Das Magazin für Kunst, Kultur & LebensArt

PETRA KAMMANN, HERAUSGEBERIN · www.feuilletonfrankfurt.de · GEGRÜNDET 2007 VON ERHARD METZ

Alle Artikel zu Bildung · Pisa von innen

Verleihung des „Prix Abibac“ bei der Eröffnung des Frankreichfestes 2018 in Düsseldorf

2018, Juli 9.

FEIER DES DEUTSCH-FRANZÖSISCHEN DOPPELDIPLOMS

v.l.n.r.: Mark-Alexander Schreiweis (Institut français und Jurymitglied), Dominique Genton (Vizepräsident DFK), Juryvorsitzende Petra Kammann, Christiane von der Groeben, Geschäftsführerin DFK), Magali Durrand-Assouly (Proviseure Lycée français de Düsseldorf), Gabriele Patten (Direktorin Luisen-Gymnasium), Johanne Audouze, Jonah Baermann (beide 2. Preis), Daniela Zouikova, (3. Preis)

„Allez les bleus“! Die Stimmung im Innenhof des Düsseldorfer Rathauses war bestens.
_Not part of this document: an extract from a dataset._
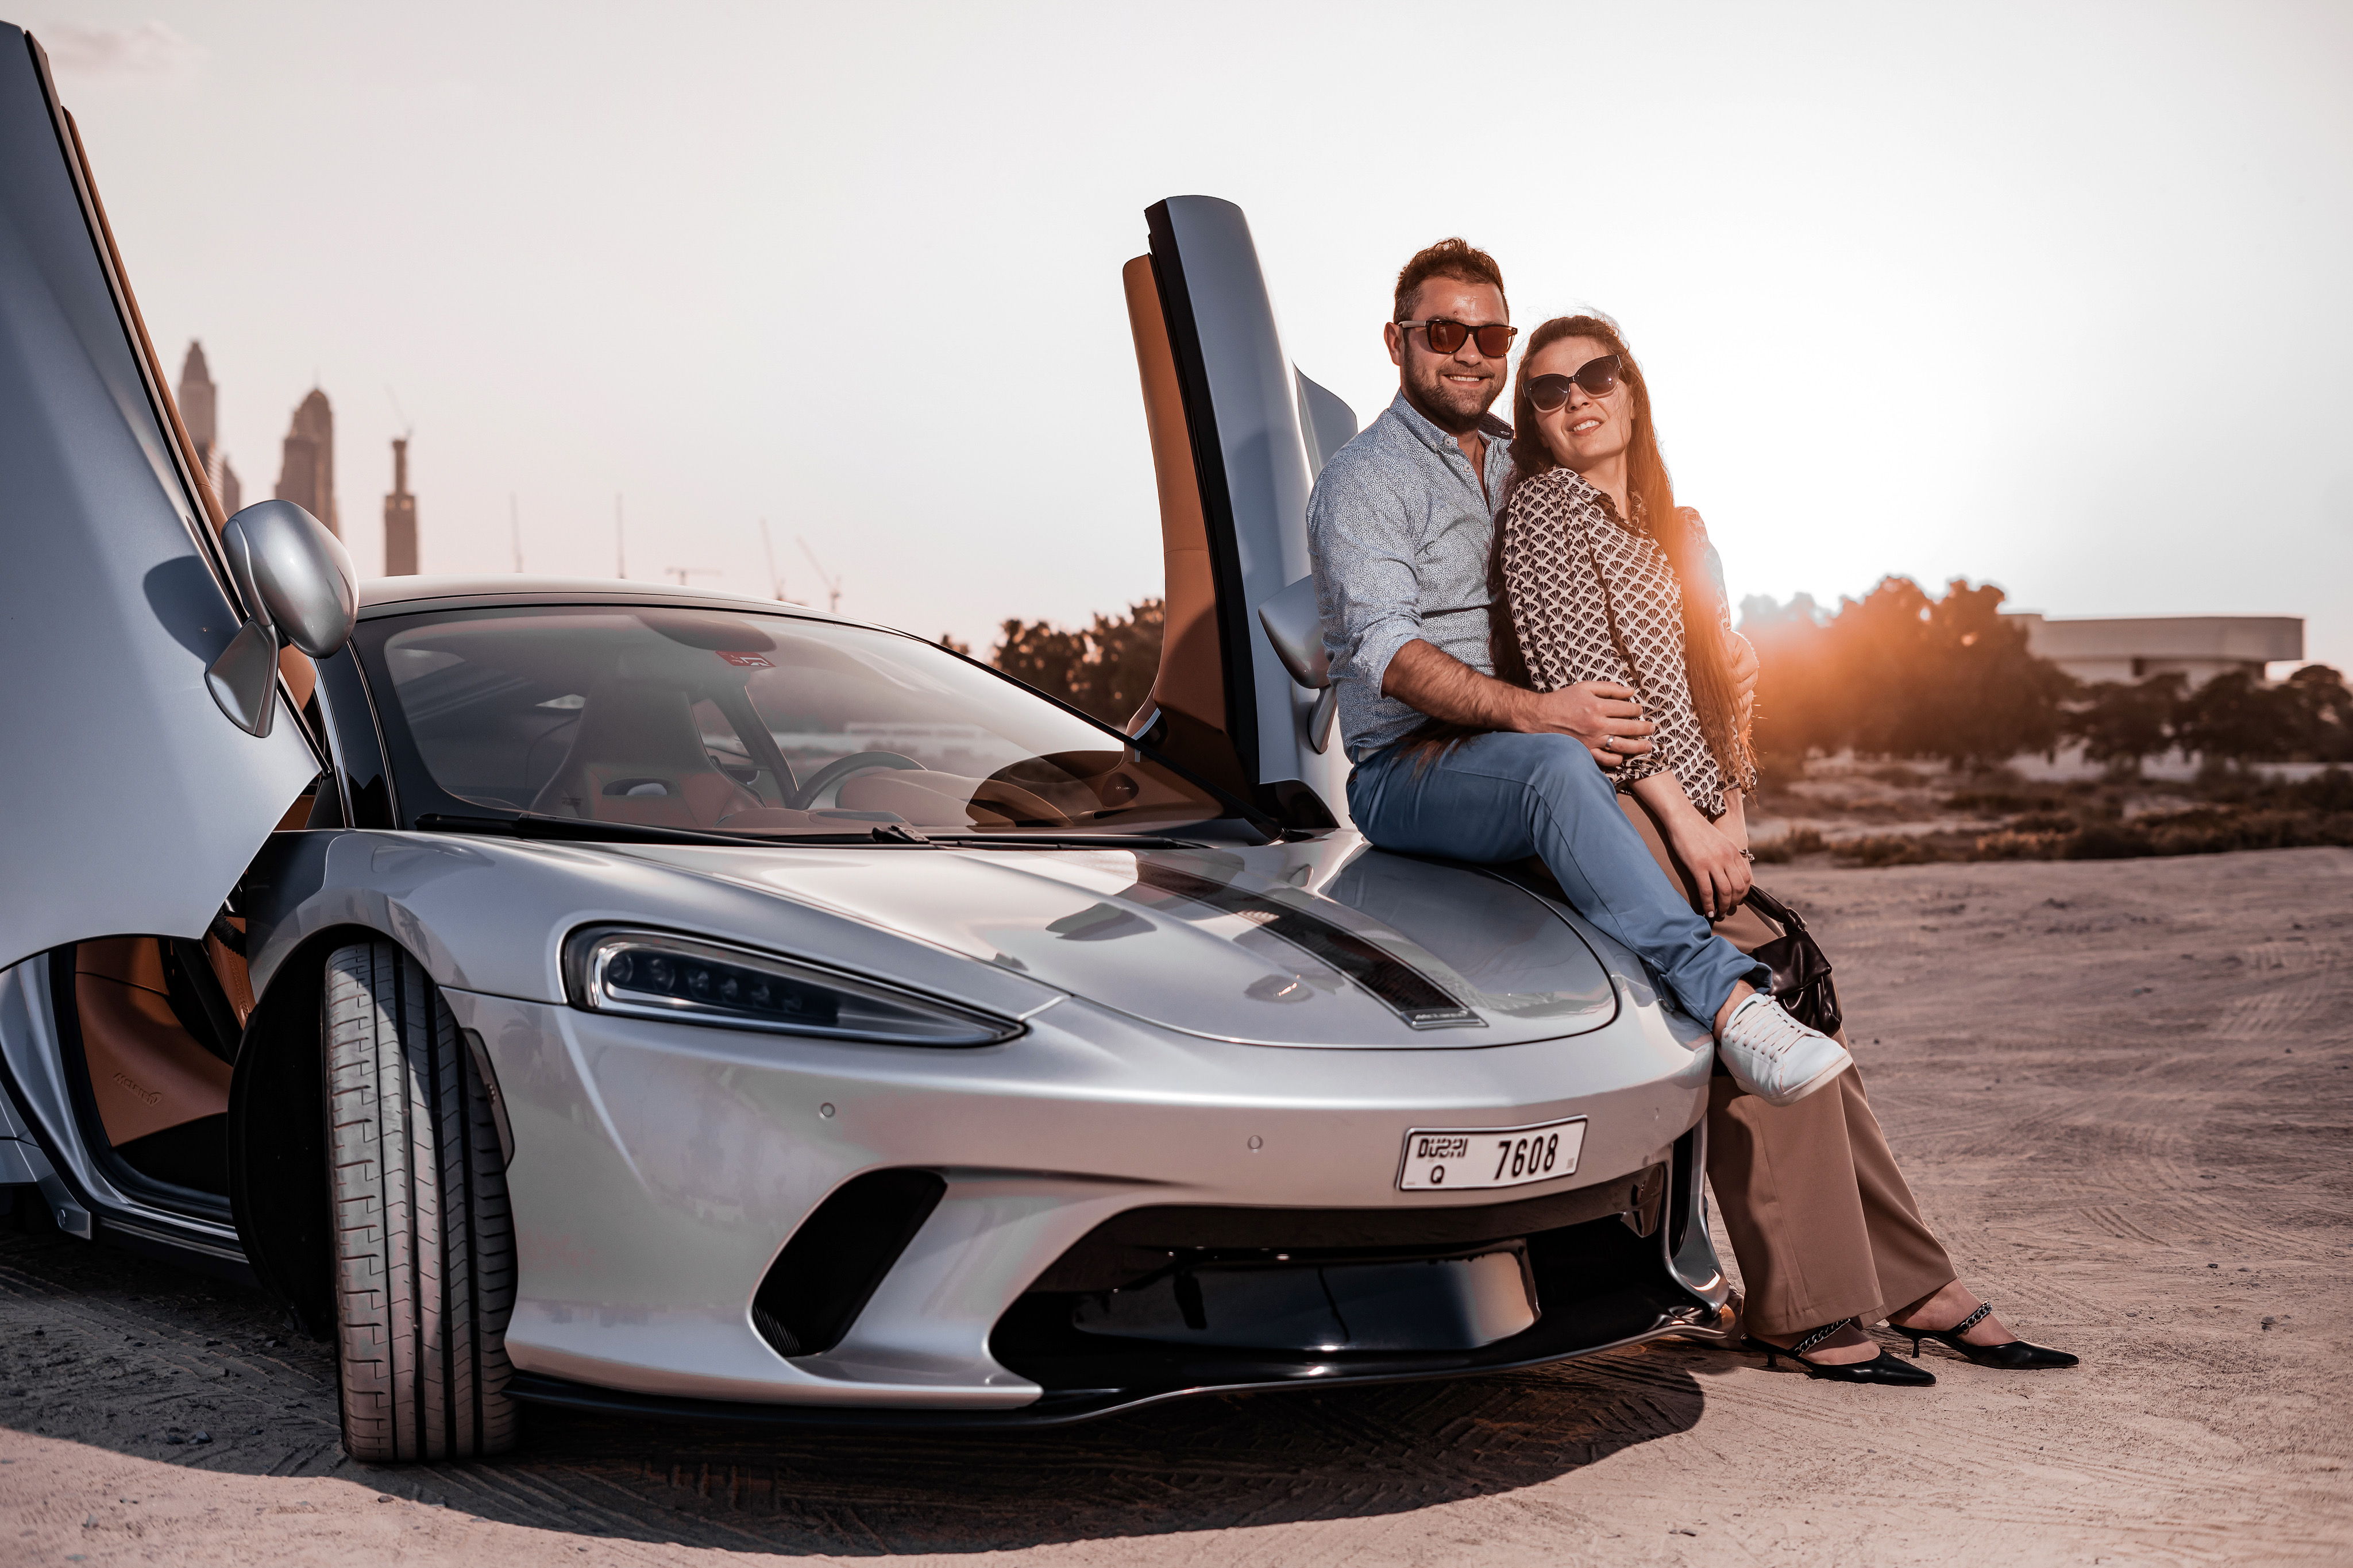 A man and woman pose next to a luxury silver sports car during a photoshoot in Dubai.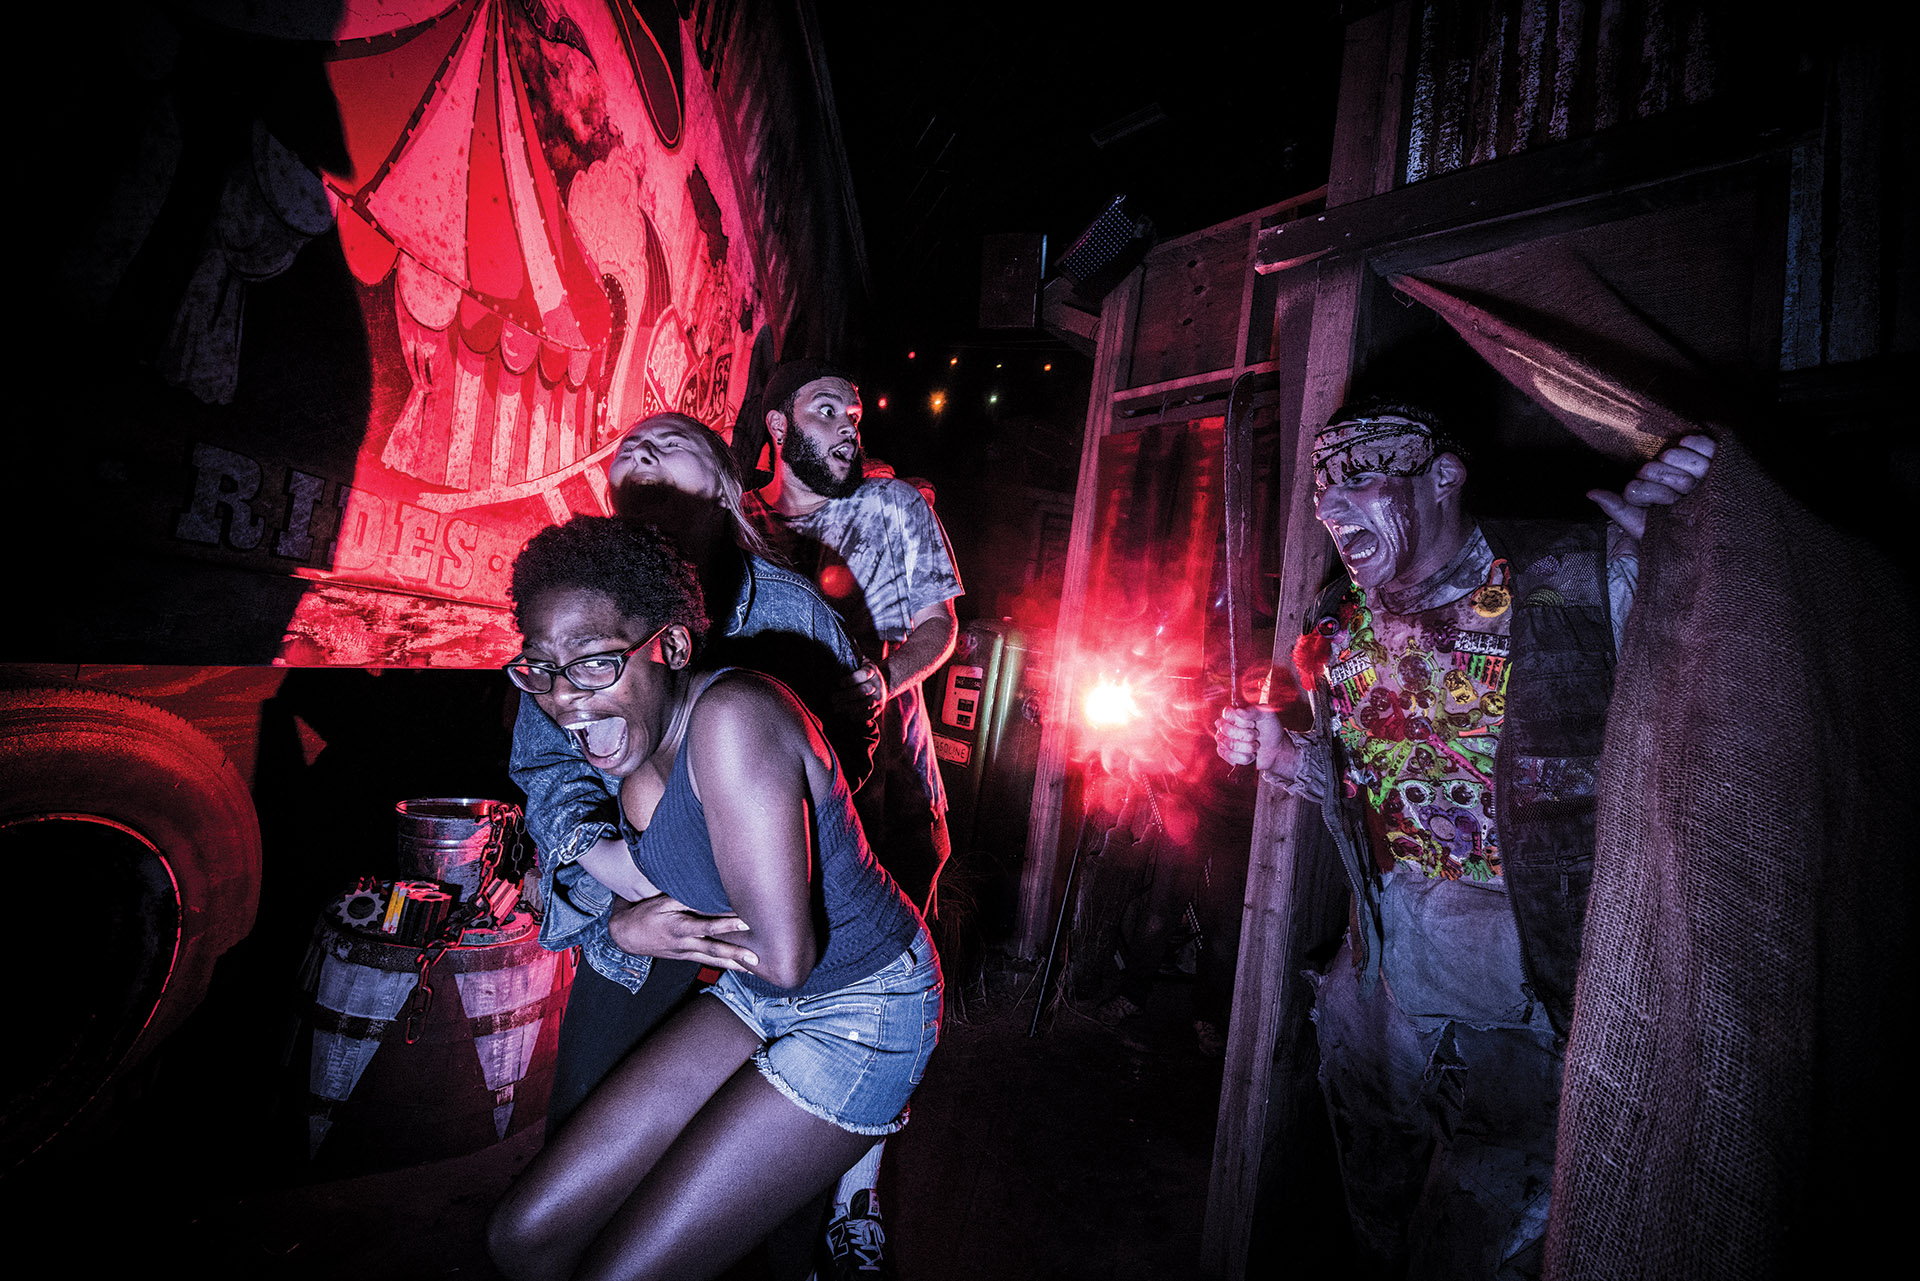 Halloween Horror Nights 2020 To Celebrate 30 Years Of Fear At Universal Orlando Orlando Parkstop

Denn im Hintergrund lief die Fußball WM, bei der sich gerade die französische Mannschaft im Viertelfinale gegenüber Uruguay in die nächste Runde gespielt hatte. Da wurde nun schon zum sechsten Mal der begehrte „Prix-AbiBac“ vom Deutsch-Französischen Kreis Düsseldorf an ausgewählte AbiBac-Schüler des Lycée français sowie des Luisen-Gymnasiums, beides Düsseldorfer Schulen mit AbiBac-Zweig, verliehen. Der zeichnet die besten Schüler*innen aus, die aus der Oberstufe des jeweiligen Gymnasiums hervorgegangen sind und sich als „Botschafter“ der jeweils anderen Kultur eignen.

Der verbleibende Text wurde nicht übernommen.